The chapter begins with the recounting of and adding to the rumors surrounding HCE. They begin by referring to the nefarious conduct that the three soldiers reported HCE engaged in with respect to the two young women in Phoenix Park: "whatever it was they threed to make out he thried to two in the Fiendish park." With this in mind, it's clear that HCE's reputation is as foul as his clothes. "He's an awful old reppe," one says. "Look at the shirt of him! Look at the dirt of it!
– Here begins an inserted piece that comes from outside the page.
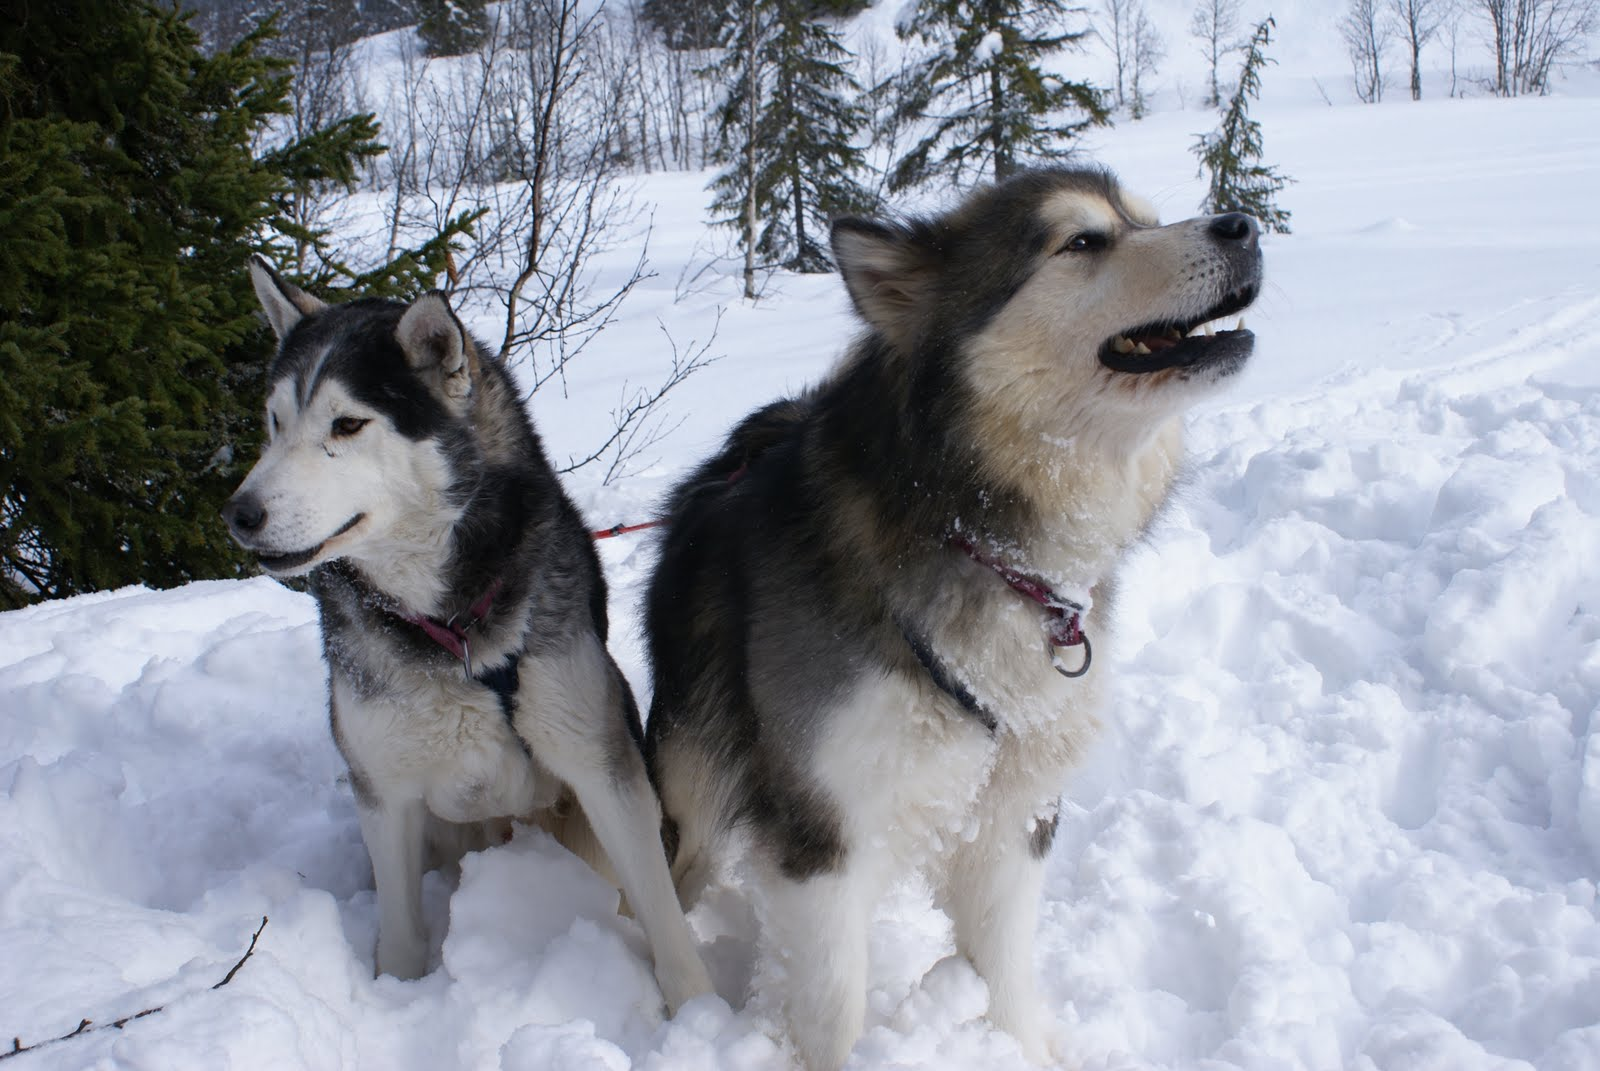 http://2.bp.blogspot.com/-iXKqvcPFVjI/Th7yECM58rI/AAAAAAAAABE/OJYlnw61Xdg/s1600/Alaskan+Malamute+Dogs+Wallpapers++5.jpg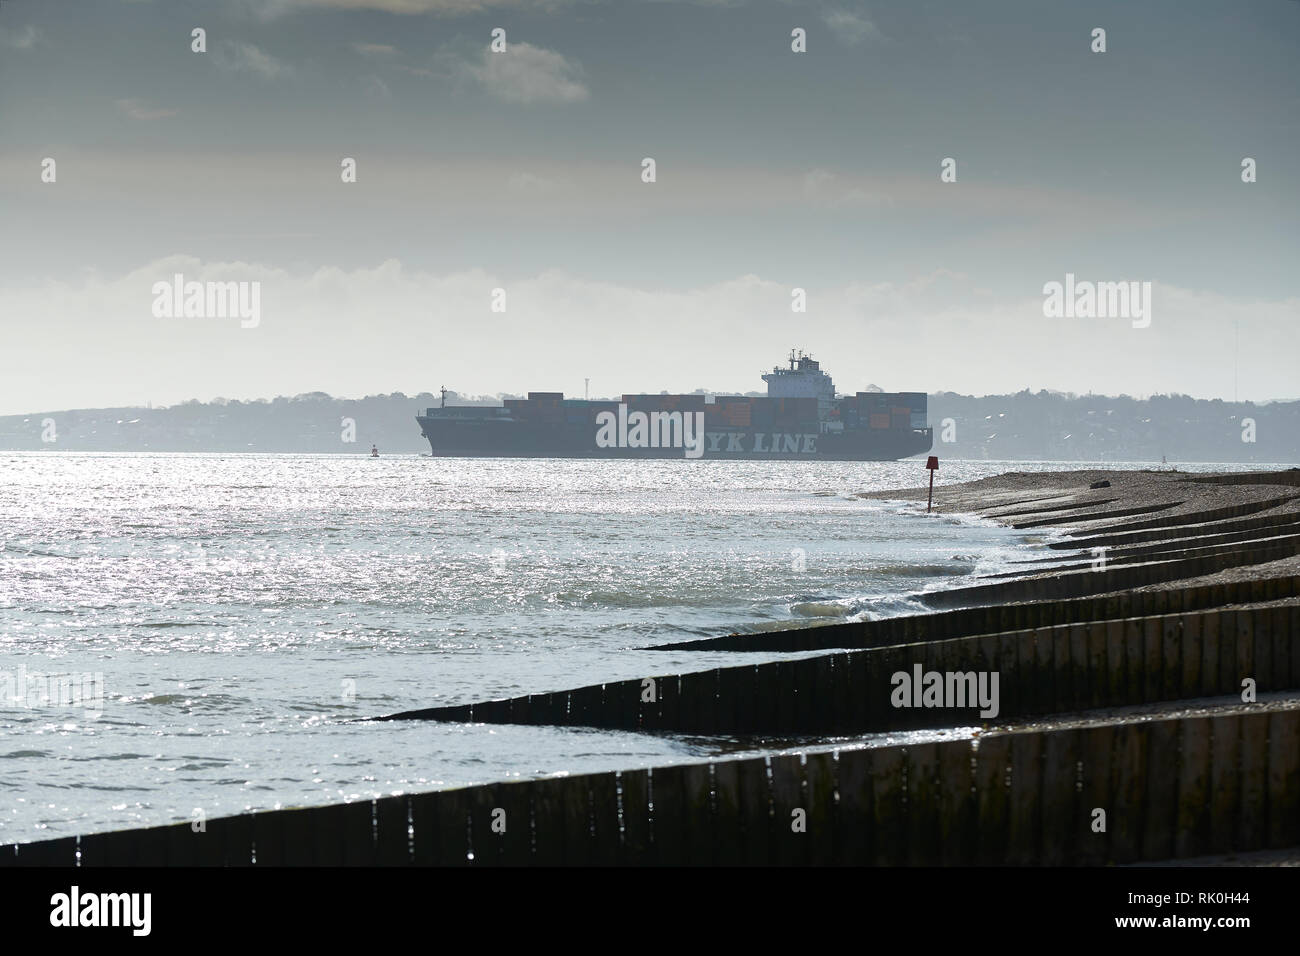 NYK LINE Container Ship, NYK NEBULA, Approaching The Port Of Southampton, United Kingdom, 7 February 2019. - Stock Image

He has all my water black on me."
Talk soon turns to the marriage between HCE and ALP. Much like Joyce's own marriage, rumors abound about the legitimacy of their vows: "Was her banns never loosened in Adam and Eve's or were him and her but captain spliced?" In other words, did they receive a proper Catholic wedding (in Adam and Eve's, the church referenced on the book's first page), or were married in a civil service? Regardless, it appears that HCE (represented by the hill of Howth) and ALP (represented by the flowing river Liffey) consider their marriage valid (as did Joyce in regard to his own marriage): "Flowey and Mount on the brink of time makes wishes and fears for a happy isthmass. She can show all her lines, with love, license to play. And if they don't remarry that hook and eye may!"
The talk also touches on HCE's status as immigrant/invader. It's unclear whether he gained material wealth from ALP after he "raped her home" or whether he's broke, with "[n]ot a grasshoop to ring her, not an antsgrain of ore." Thus, even though one woman says, "I know by heart the places he likes to saale, duddurty devil!" and "I know he well," it seems at this early point in the chapter that neither woman has the full and accurate story of HCE and ALP. Nevertheless, as that same woman says, "But toms will till."